_Given information:_
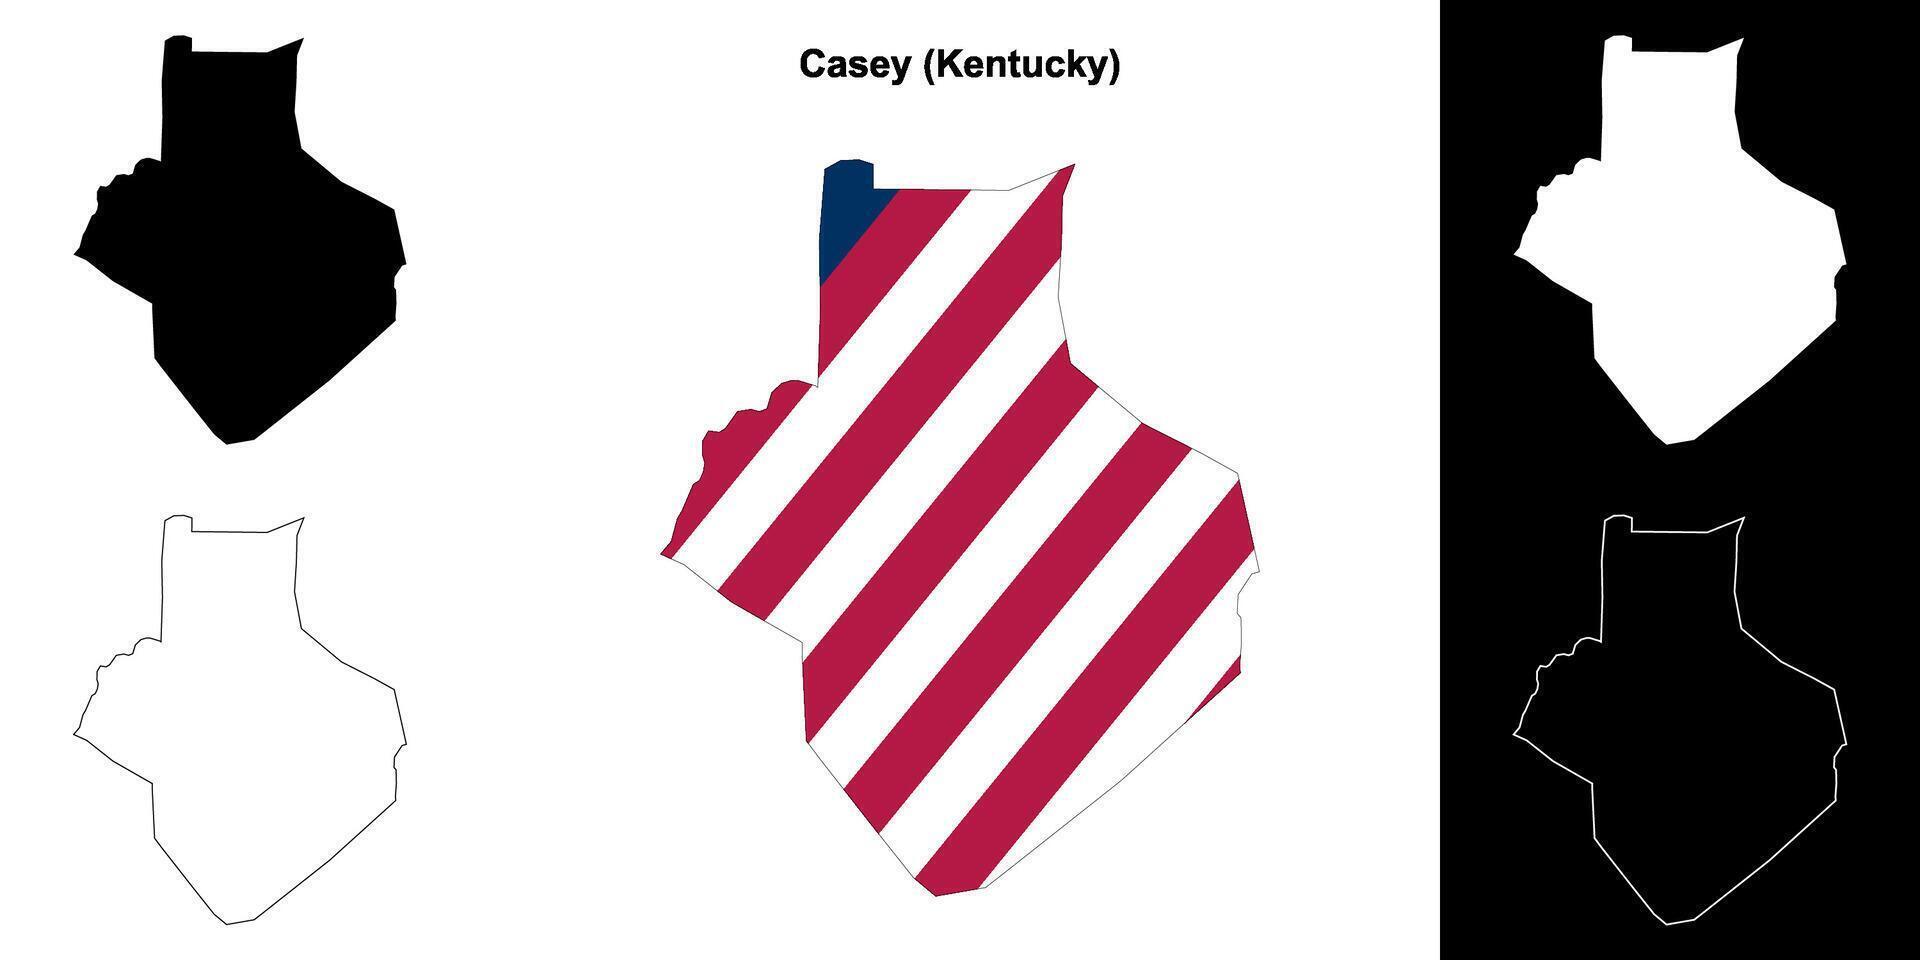 casey condado, Kentucky contorno mapa conjunto vector
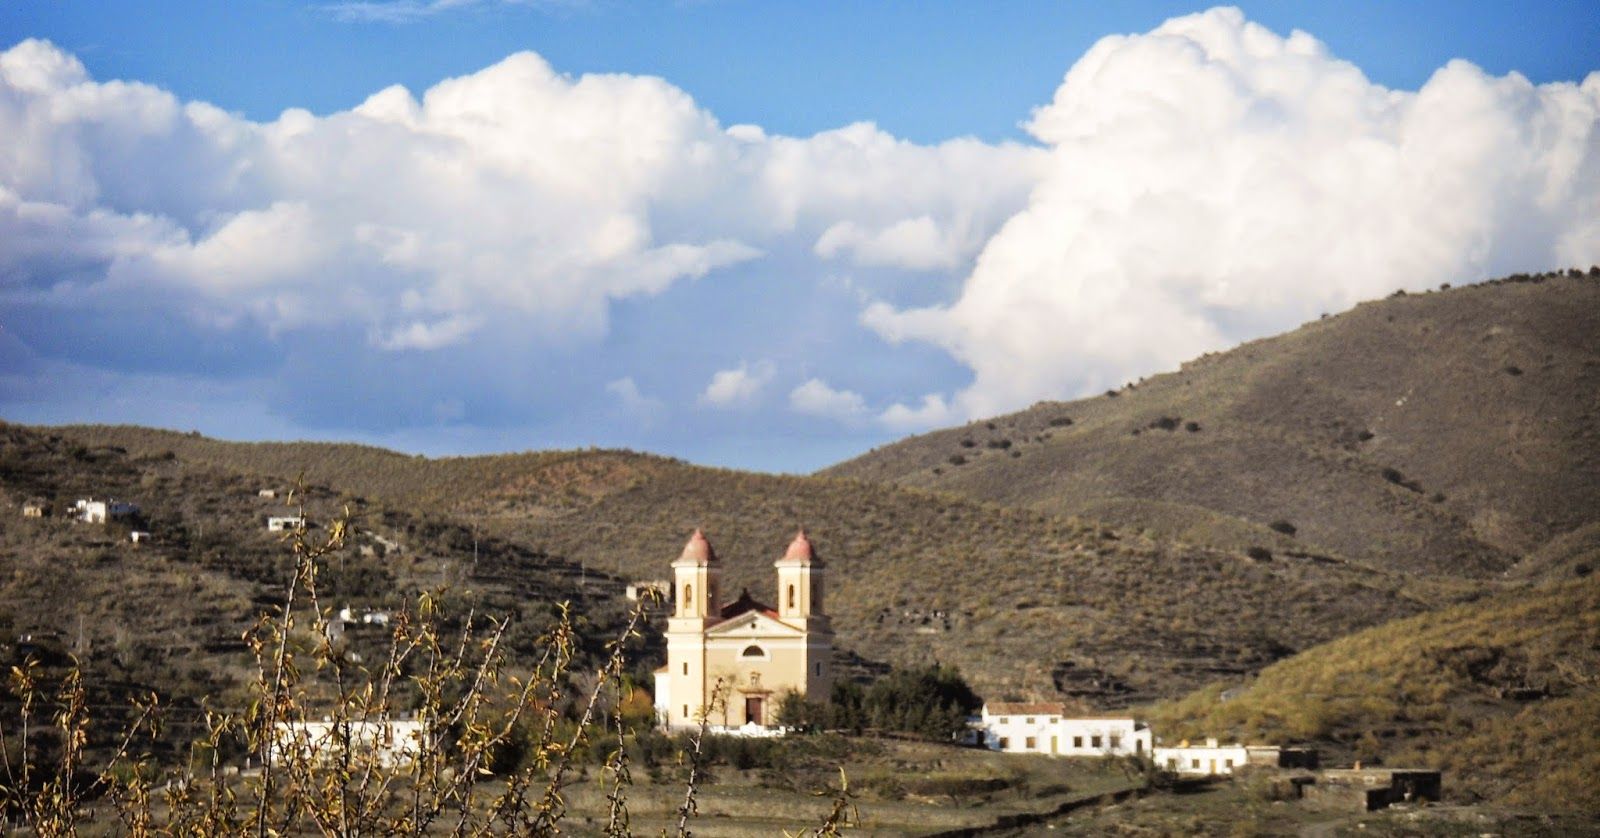 El Santuario de Tices, incluido como patrimonio protegido BIC por la Junta de Andalucía.
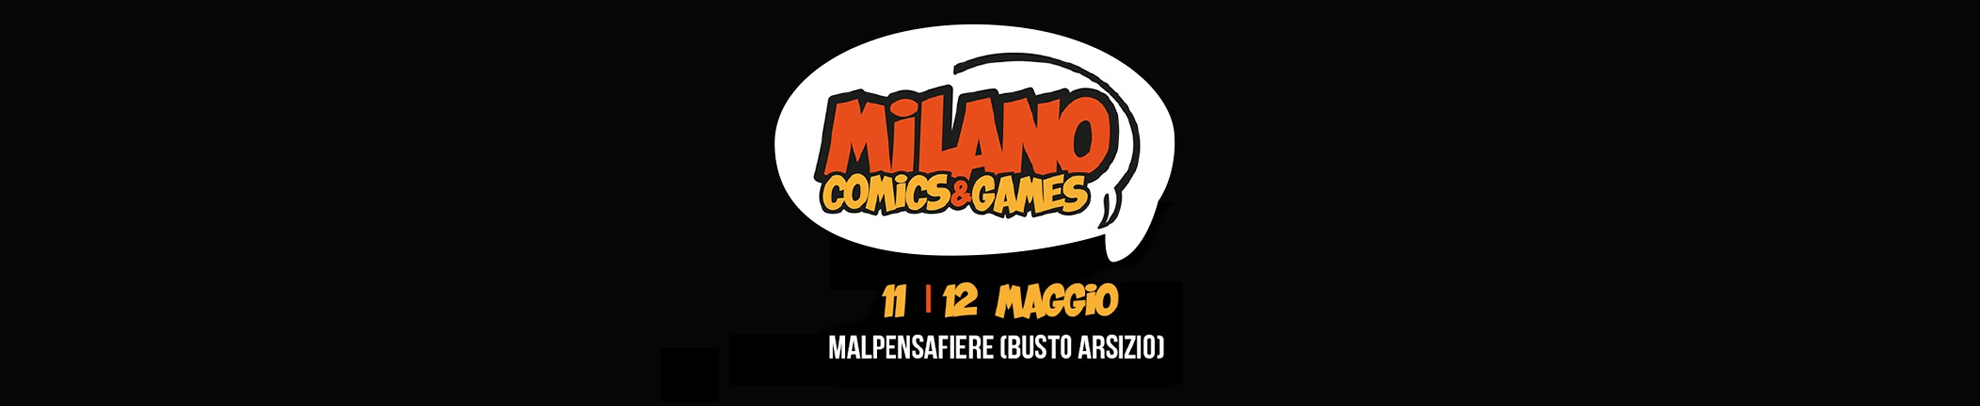 milano-comic-e-games-header
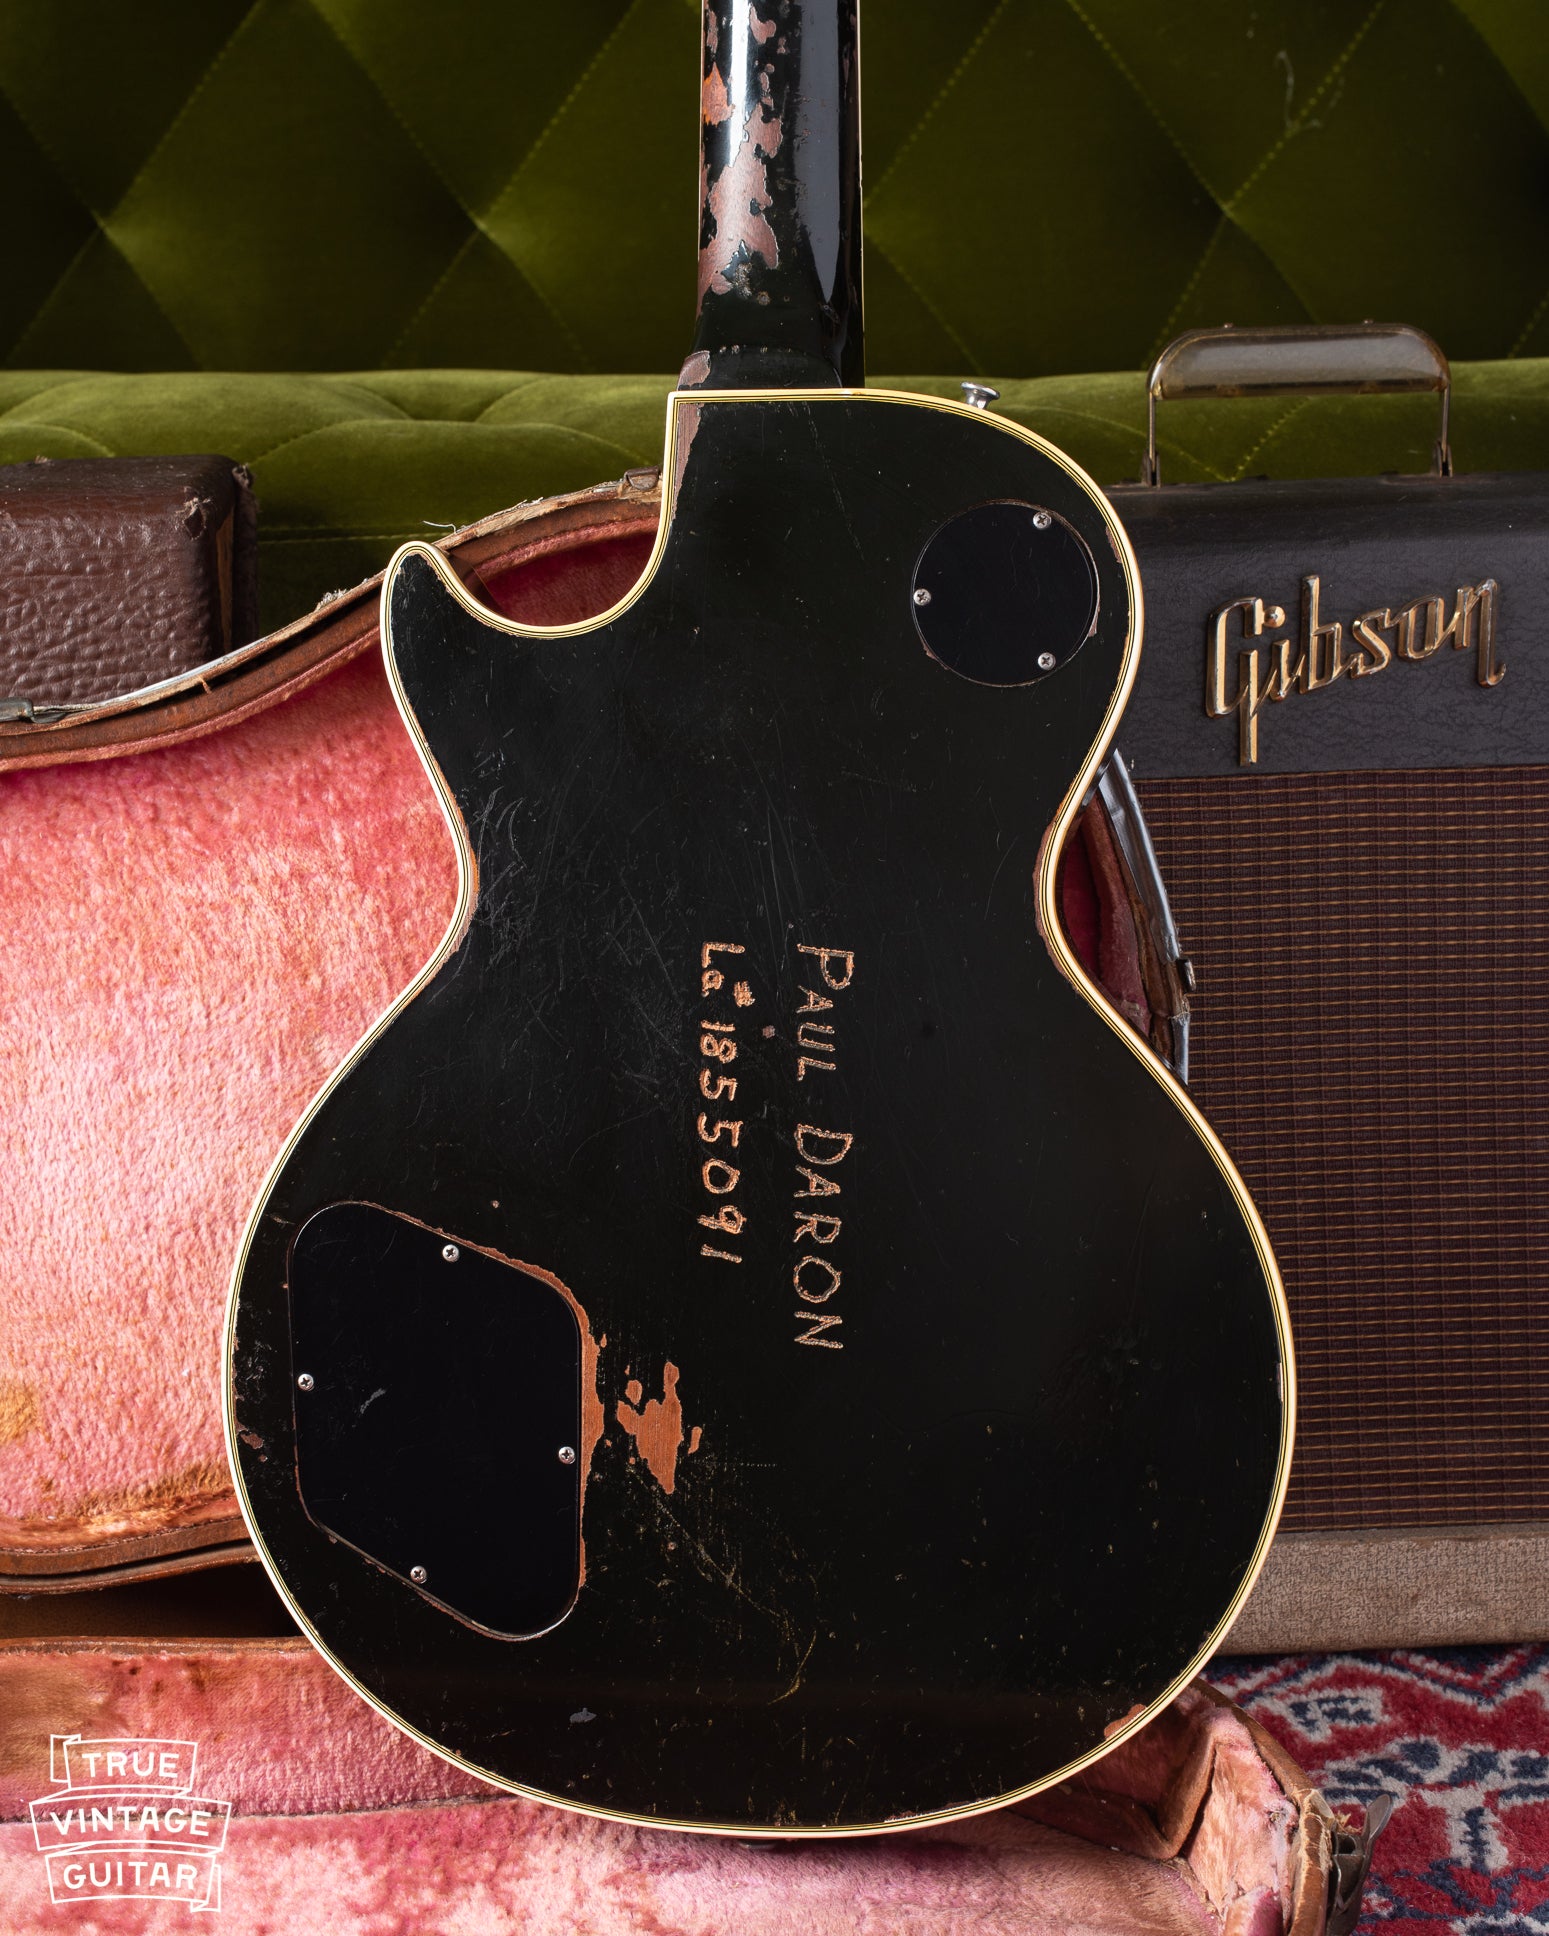 Back of body of Gibson Les Paul Custom 1960

_Assigned task:_ Everything in the listing must be copied exactly except the pictures.

_Solution for this task:_
 casey condado, Kentucky contorno mapa conjunto vector
 El Santuario de Tices, incluido como patrimonio protegido BIC por la Junta de Andalucía.
 milano-comic-e-games-header
 Back of body of Gibson Les Paul Custom 1960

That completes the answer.